The Pacific Research Institute mission statement makes me think conservative think tank. I have to laugh when they talk about alternative energy and heavy government subsidies. We are now spending hundreds of billions of dollars and American lives to subsidize the oil companies via our US Military. We have bases overseas protecting oil fields and pipelines, huge naval fleets protecting the oil tanker waterways, a CIA causing mischief in other countries not to mention the killing of women and children all for energy. If we just put a fraction of those billions to work and get off middle east oil America and the world would be a safer place. Tell that to the fellows over at the Pacific Research Institute and their come back will be how would that affect Exxon's profits.
 


BTW, Henry, what is your position on growing hemp as part of the solution to create electricity.
 


We import foreigh cars with hemp products. So we can use petroleum oil to move hemp, we can't use hemp to move oil tankers. Go figure.

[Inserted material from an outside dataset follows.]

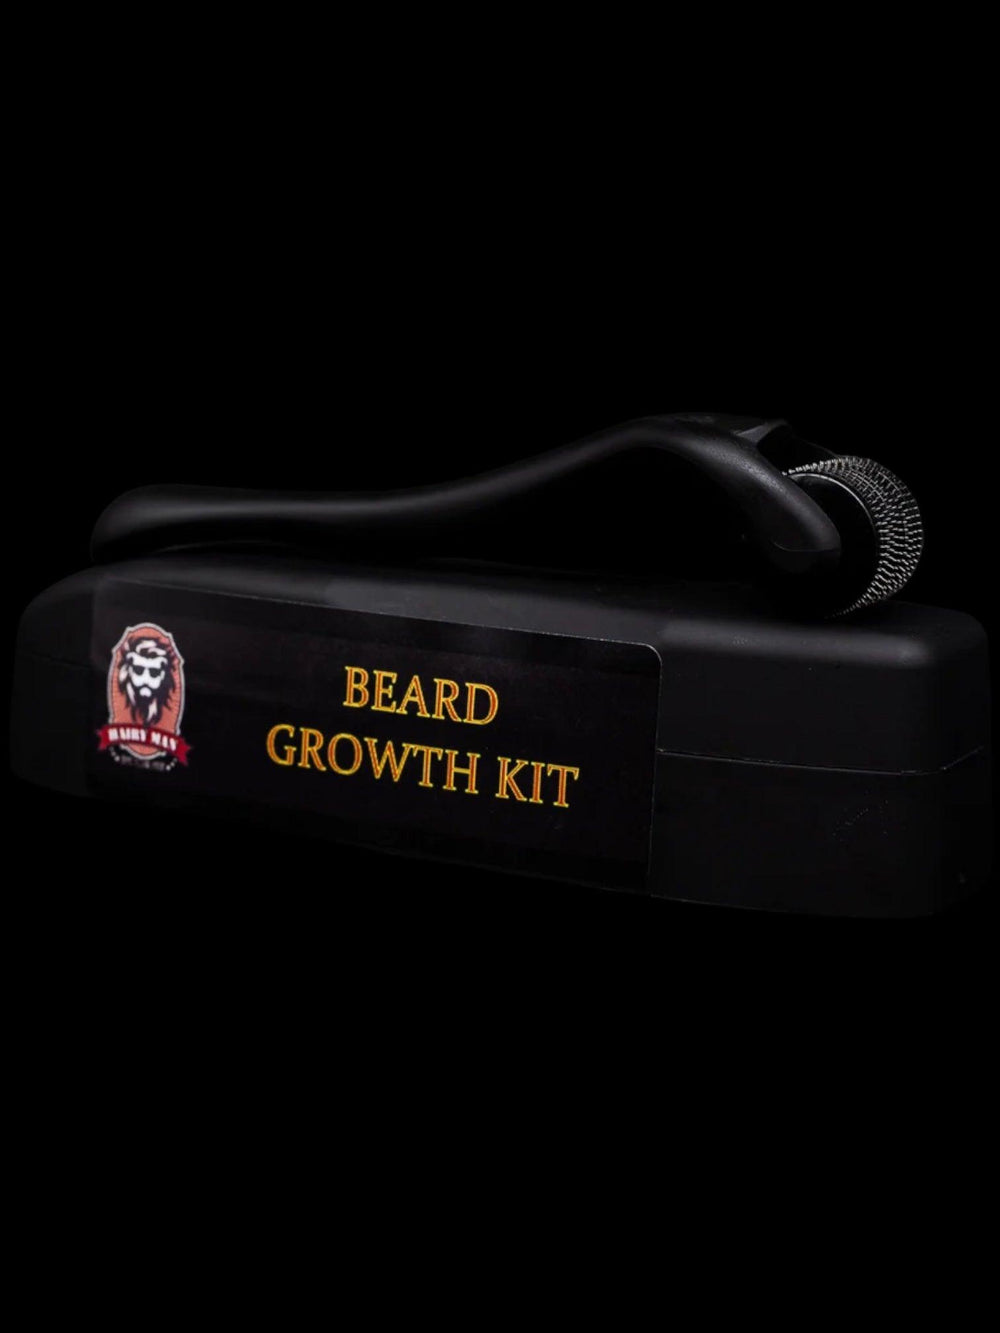 Beard growth kit - handmade in australia - natural and organic ingredients- mens grooming products - dermaroller 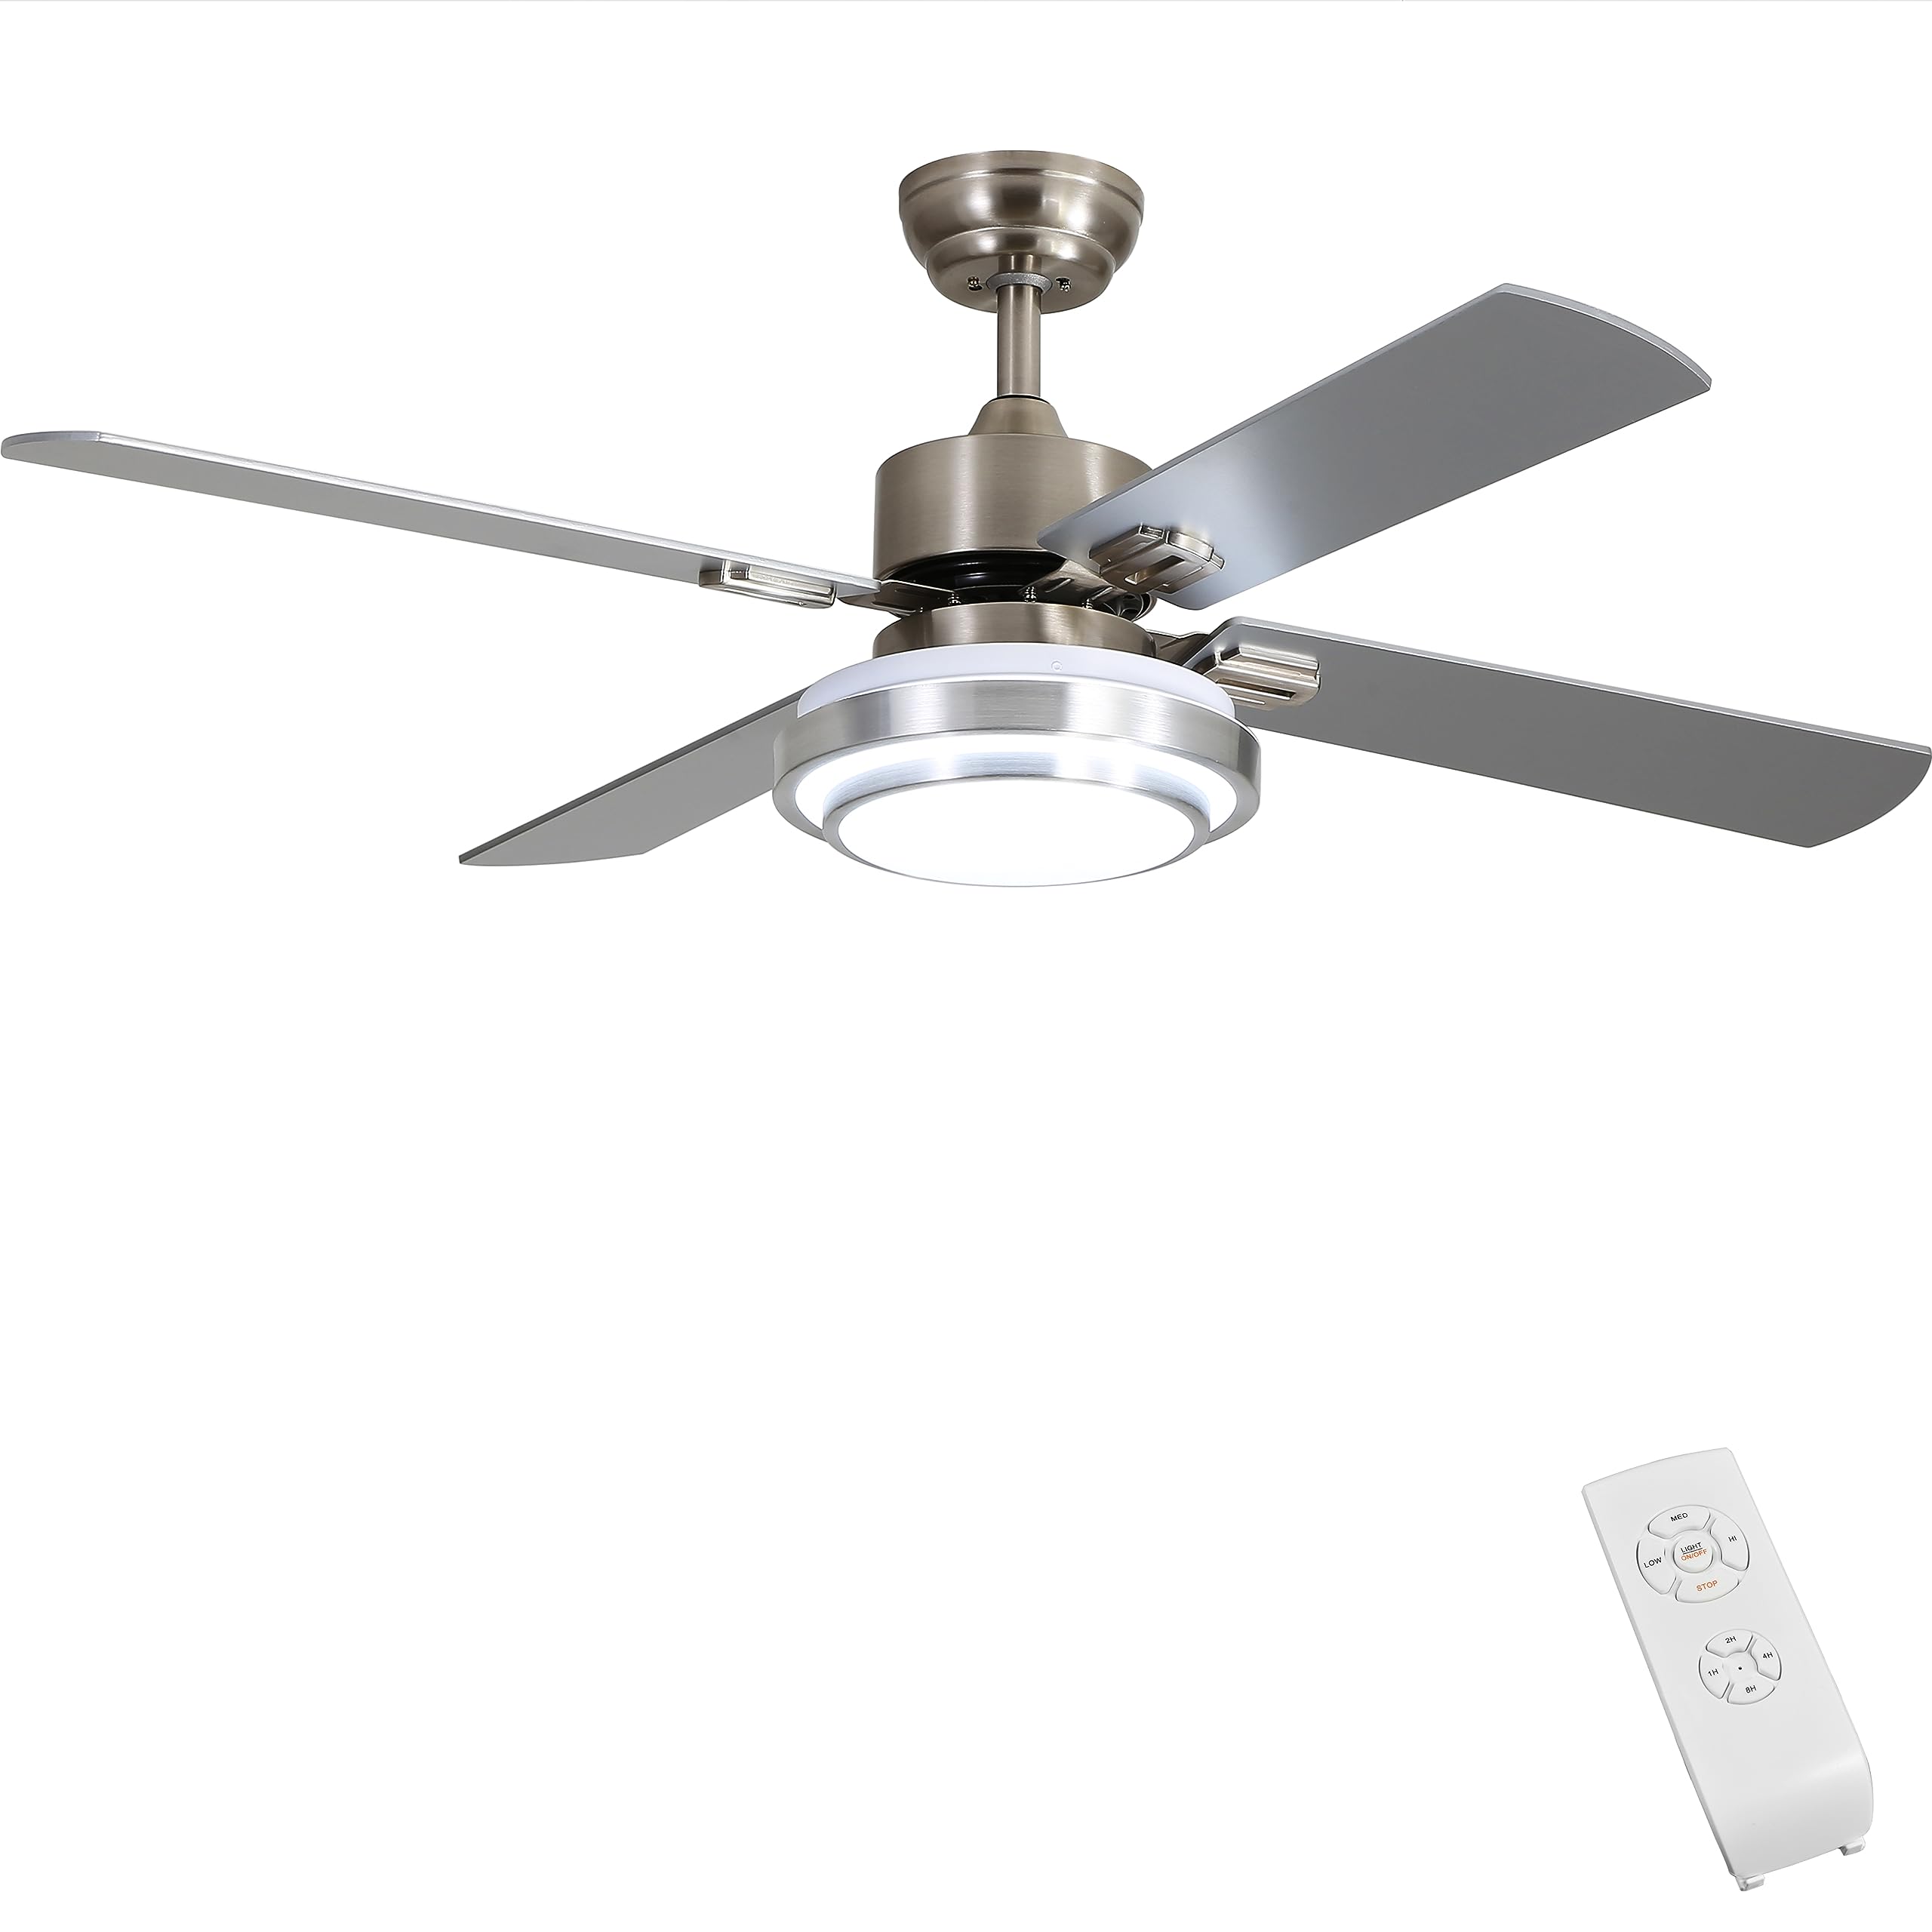 FINXIN Brushed Nickel Indoor Ceiling Fan

Life of the Land and many other groups supported the growing of industrial hemp on O`ahu. Legislation authorized it. DEA required all kinds of security at a secret location and then shut it down. I guess they feared that hemp would cross-pollinate with marijuana and put them out of business. Apparently self-preservation is rule #1 at the DEA.
 


Not being a hemp type of guy I failed to fully understand your remark about cross-pollination. So I looked it up. It looks like cross-pollination between hemp and marijuana are a marijuana growers worse fear since it reduces the THC levels in the marijuana plant rendering it useless. I also saw one site that said 99% of all the so called marijuana collected by law enforcement on the mainland is the useless ditch hemp variety. Sure seems like we are wasting a valuable resource (DEA agents) by not growing another valuable resource (hemp).